* _ASSIGNMENT_:
Repeat exactly the lines of the entries below from the one with "South Dakota State" through the one with "パッヘルベル - パッヘルベルのカノン", both ends included, and nothing else.

* _DATA TO PROCESS_:
──────────

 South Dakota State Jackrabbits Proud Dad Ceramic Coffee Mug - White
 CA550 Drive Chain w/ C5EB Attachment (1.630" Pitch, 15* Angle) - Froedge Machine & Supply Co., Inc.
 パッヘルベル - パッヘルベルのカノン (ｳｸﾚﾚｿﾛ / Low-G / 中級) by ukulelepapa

──────────

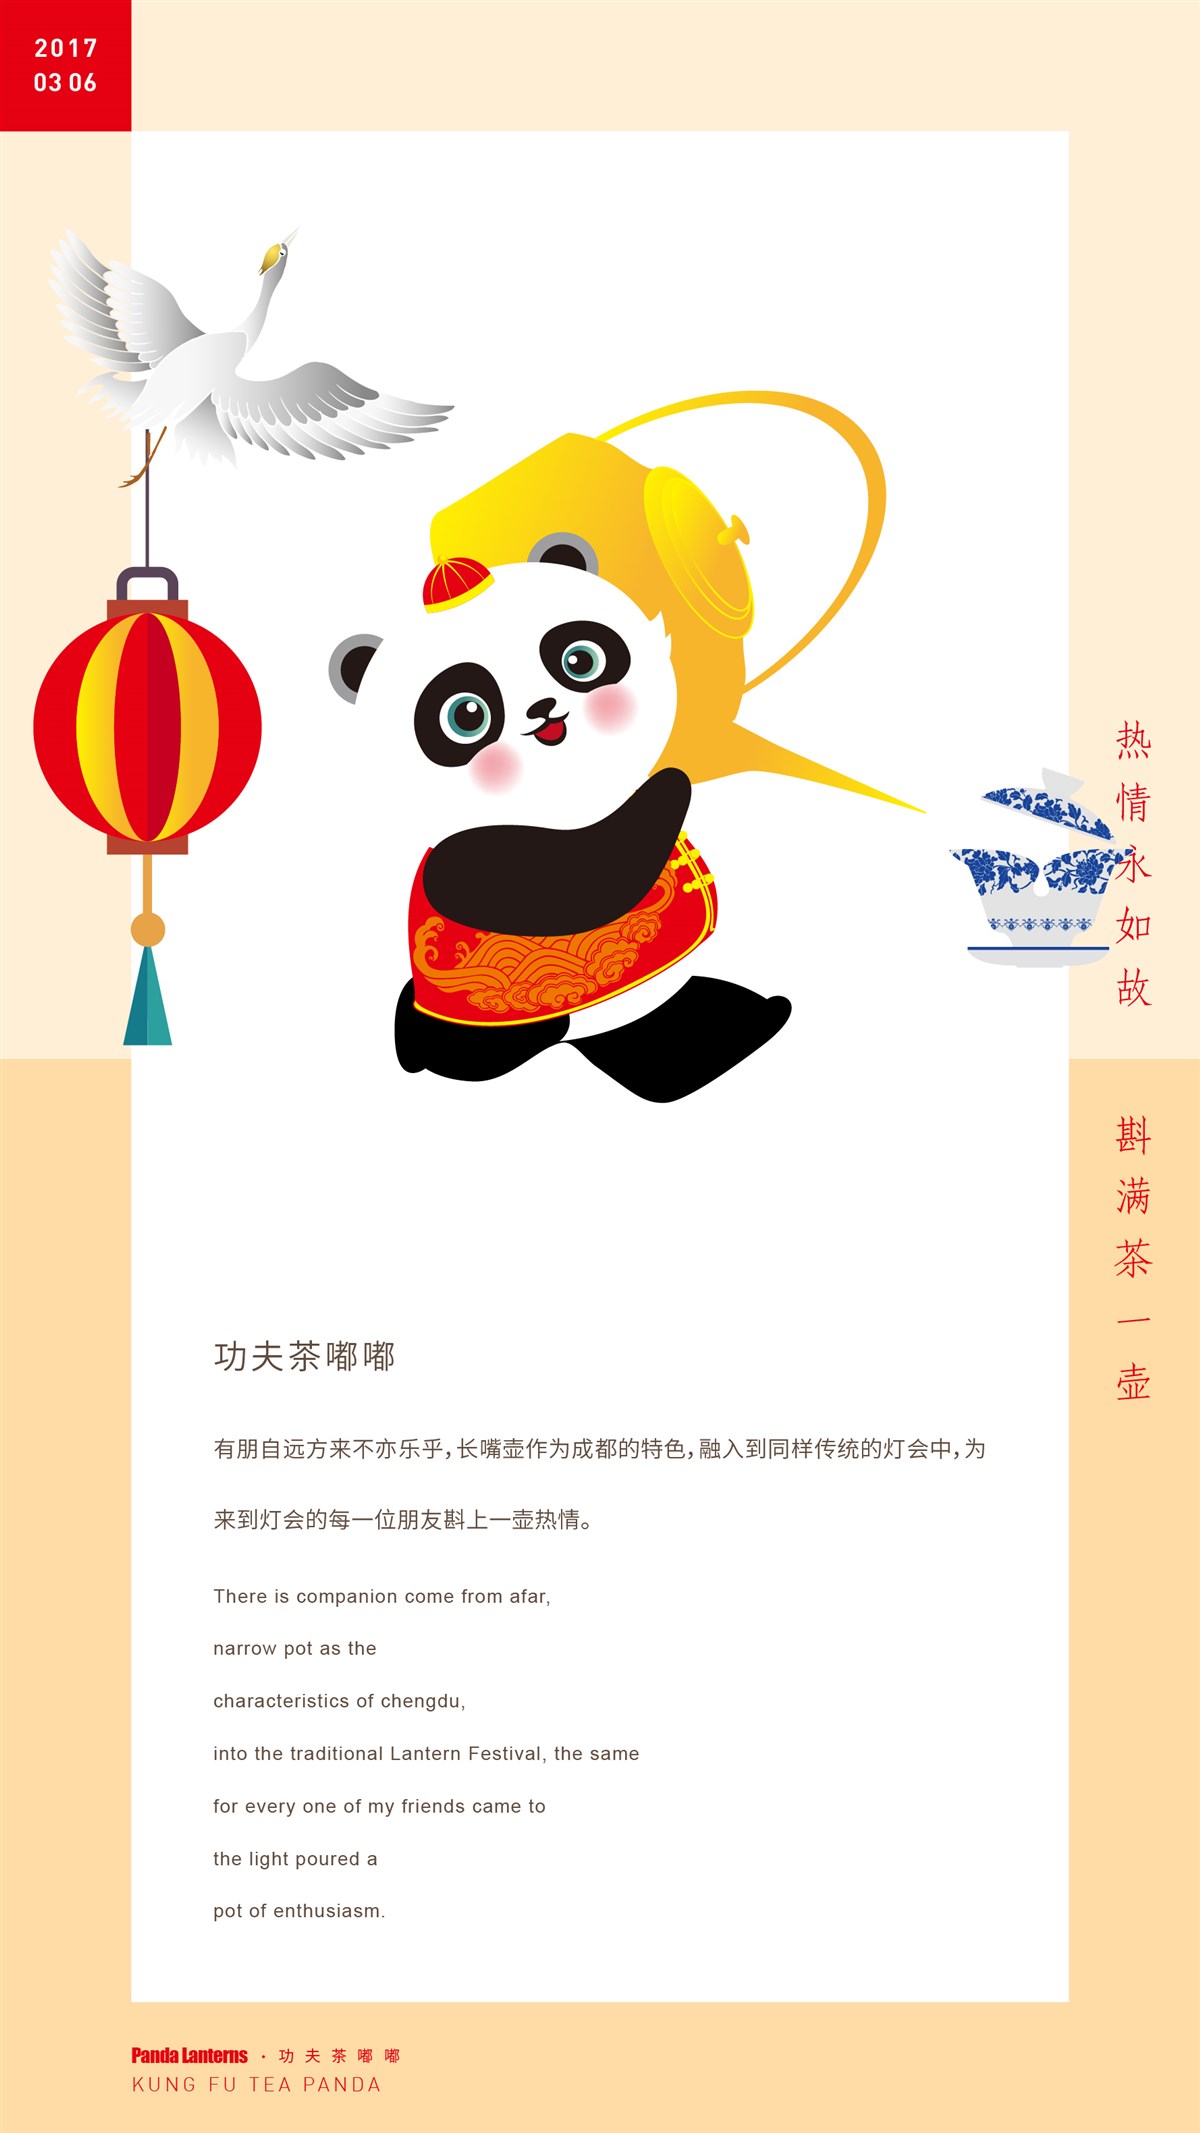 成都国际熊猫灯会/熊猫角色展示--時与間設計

──────────

* _ANSWER SECTION_:
 South Dakota State Jackrabbits Proud Dad Ceramic Coffee Mug - White
 CA550 Drive Chain w/ C5EB Attachment (1.630" Pitch, 15* Angle) - Froedge Machine & Supply Co., Inc.
 パッヘルベル - パッヘルベルのカノン (ｳｸﾚﾚｿﾛ / Low-G / 中級) by ukulelepapa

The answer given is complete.